----- INPUT MATERIAL -----
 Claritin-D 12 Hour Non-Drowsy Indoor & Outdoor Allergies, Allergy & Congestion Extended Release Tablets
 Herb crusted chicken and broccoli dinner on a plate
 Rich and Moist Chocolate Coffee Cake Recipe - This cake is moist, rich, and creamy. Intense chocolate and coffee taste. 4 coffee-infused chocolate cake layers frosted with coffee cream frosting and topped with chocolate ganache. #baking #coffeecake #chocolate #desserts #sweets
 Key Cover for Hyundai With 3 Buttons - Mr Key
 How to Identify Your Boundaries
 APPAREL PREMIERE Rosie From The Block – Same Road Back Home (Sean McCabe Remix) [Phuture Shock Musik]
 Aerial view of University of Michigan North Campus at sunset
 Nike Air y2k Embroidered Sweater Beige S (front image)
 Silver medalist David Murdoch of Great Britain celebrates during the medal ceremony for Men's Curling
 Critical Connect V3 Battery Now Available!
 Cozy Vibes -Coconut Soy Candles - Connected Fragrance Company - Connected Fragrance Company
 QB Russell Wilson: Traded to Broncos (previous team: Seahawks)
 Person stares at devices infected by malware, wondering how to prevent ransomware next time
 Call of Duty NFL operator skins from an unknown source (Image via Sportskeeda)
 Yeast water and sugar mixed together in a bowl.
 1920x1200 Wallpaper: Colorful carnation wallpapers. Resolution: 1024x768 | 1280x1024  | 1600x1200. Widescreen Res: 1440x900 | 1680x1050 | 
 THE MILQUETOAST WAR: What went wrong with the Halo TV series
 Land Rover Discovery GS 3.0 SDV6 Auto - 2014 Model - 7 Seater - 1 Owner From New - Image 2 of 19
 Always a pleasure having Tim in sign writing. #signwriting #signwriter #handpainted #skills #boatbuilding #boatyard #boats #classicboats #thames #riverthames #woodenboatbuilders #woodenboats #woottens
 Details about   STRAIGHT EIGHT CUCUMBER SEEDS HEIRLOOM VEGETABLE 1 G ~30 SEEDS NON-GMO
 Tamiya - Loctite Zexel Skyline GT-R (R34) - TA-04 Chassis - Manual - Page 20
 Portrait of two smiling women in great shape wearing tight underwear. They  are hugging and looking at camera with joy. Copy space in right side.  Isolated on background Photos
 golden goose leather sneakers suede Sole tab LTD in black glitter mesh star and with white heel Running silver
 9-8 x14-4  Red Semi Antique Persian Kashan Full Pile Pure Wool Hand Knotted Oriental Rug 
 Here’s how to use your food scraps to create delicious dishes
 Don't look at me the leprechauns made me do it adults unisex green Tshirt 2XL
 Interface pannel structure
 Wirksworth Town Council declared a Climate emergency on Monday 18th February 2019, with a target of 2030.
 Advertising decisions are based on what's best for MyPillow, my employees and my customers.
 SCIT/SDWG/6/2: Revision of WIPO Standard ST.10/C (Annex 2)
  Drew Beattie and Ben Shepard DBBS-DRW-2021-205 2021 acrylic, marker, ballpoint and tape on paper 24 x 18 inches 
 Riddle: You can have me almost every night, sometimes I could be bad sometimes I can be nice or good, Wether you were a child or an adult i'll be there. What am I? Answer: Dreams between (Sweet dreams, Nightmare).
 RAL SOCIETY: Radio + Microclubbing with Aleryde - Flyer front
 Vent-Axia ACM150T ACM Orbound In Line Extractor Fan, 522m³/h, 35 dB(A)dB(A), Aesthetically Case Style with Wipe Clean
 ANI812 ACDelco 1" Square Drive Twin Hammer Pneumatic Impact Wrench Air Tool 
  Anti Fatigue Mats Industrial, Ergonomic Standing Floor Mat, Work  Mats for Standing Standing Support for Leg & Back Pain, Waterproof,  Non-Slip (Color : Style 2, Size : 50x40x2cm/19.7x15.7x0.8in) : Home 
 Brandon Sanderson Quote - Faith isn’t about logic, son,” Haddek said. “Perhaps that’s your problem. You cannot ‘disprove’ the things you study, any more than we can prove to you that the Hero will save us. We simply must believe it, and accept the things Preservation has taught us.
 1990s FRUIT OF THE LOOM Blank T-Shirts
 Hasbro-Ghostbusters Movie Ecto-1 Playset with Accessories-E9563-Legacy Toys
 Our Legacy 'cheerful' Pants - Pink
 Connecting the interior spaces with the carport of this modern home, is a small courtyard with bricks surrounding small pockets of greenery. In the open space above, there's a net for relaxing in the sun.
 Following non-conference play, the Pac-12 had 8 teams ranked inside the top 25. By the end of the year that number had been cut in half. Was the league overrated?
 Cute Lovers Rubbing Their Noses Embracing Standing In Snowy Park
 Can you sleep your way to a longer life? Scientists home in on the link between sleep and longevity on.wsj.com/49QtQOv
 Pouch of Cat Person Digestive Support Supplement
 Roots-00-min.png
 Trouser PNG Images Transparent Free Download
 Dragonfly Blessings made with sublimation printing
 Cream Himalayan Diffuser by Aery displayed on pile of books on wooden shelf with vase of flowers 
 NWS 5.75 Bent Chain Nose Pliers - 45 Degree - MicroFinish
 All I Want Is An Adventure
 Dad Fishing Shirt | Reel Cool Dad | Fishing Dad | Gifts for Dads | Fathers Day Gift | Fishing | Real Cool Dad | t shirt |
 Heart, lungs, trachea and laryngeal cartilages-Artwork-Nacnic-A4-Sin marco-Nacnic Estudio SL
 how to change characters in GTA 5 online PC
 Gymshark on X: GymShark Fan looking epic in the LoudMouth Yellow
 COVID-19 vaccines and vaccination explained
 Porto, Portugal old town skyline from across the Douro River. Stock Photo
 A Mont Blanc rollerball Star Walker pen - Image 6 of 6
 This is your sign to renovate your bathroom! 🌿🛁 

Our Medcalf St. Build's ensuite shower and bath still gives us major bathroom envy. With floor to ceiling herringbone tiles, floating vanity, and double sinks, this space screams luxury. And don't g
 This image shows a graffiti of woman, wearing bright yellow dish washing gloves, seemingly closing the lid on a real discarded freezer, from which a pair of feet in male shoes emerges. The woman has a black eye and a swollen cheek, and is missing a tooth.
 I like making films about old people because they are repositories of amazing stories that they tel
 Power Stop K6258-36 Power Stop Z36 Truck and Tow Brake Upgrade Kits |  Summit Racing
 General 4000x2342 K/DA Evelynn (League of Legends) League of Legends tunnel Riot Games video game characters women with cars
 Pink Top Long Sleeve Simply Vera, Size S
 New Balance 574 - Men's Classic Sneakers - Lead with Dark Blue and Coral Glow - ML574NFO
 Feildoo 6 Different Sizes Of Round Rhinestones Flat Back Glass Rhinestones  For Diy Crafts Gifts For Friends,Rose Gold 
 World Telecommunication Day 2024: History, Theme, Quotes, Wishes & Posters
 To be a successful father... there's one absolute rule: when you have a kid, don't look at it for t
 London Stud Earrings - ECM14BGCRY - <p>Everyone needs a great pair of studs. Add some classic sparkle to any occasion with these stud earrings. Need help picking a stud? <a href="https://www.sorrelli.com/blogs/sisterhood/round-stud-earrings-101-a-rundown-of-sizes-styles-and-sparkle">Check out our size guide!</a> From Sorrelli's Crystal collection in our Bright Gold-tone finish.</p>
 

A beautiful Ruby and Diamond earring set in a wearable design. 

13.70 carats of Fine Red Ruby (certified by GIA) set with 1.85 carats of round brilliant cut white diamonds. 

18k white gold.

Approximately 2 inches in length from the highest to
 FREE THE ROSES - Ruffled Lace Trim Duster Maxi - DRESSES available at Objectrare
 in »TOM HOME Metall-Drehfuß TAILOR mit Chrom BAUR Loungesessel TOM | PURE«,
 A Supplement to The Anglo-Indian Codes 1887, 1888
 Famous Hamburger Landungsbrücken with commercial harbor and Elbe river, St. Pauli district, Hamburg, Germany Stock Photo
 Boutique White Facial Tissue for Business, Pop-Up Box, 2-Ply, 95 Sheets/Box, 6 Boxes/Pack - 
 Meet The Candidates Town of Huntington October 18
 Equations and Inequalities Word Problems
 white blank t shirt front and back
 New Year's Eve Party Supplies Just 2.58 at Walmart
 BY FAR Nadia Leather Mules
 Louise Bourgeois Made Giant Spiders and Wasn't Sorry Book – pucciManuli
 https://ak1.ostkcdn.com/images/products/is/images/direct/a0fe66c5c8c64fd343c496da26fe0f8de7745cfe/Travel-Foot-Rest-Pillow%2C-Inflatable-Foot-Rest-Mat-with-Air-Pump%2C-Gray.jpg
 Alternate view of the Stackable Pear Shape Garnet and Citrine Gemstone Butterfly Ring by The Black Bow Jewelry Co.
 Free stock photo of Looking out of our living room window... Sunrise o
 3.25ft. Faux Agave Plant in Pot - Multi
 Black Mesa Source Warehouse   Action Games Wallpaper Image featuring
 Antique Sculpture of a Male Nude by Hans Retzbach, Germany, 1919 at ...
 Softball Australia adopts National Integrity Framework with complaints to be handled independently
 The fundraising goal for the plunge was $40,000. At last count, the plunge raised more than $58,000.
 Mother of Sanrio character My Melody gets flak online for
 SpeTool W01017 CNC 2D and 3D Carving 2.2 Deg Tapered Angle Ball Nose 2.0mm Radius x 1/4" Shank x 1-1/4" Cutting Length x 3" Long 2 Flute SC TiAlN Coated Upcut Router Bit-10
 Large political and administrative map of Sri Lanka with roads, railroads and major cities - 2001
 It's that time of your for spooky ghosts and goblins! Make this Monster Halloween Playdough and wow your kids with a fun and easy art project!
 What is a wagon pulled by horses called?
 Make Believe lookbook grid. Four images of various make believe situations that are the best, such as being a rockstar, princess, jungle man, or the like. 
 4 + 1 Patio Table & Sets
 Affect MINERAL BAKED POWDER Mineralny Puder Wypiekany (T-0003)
-----
* THE PROBLEM:
Among the records above, extract exactly the lines from the line with "Vent-Axia ACM150T ACM" to the line with "Connecting the interior", both lines included, and leave out the rest.

* EXERCISE OUTPUT:
 Vent-Axia ACM150T ACM Orbound In Line Extractor Fan, 522m³/h, 35 dB(A)dB(A), Aesthetically Case Style with Wipe Clean
 ANI812 ACDelco 1" Square Drive Twin Hammer Pneumatic Impact Wrench Air Tool 
  Anti Fatigue Mats Industrial, Ergonomic Standing Floor Mat, Work  Mats for Standing Standing Support for Leg & Back Pain, Waterproof,  Non-Slip (Color : Style 2, Size : 50x40x2cm/19.7x15.7x0.8in) : Home 
 Brandon Sanderson Quote - Faith isn’t about logic, son,” Haddek said. “Perhaps that’s your problem. You cannot ‘disprove’ the things you study, any more than we can prove to you that the Hero will save us. We simply must believe it, and accept the things Preservation has taught us.
 1990s FRUIT OF THE LOOM Blank T-Shirts
 Hasbro-Ghostbusters Movie Ecto-1 Playset with Accessories-E9563-Legacy Toys
 Our Legacy 'cheerful' Pants - Pink
 Connecting the interior spaces with the carport of this modern home, is a small courtyard with bricks surrounding small pockets of greenery. In the open space above, there's a net for relaxing in the sun.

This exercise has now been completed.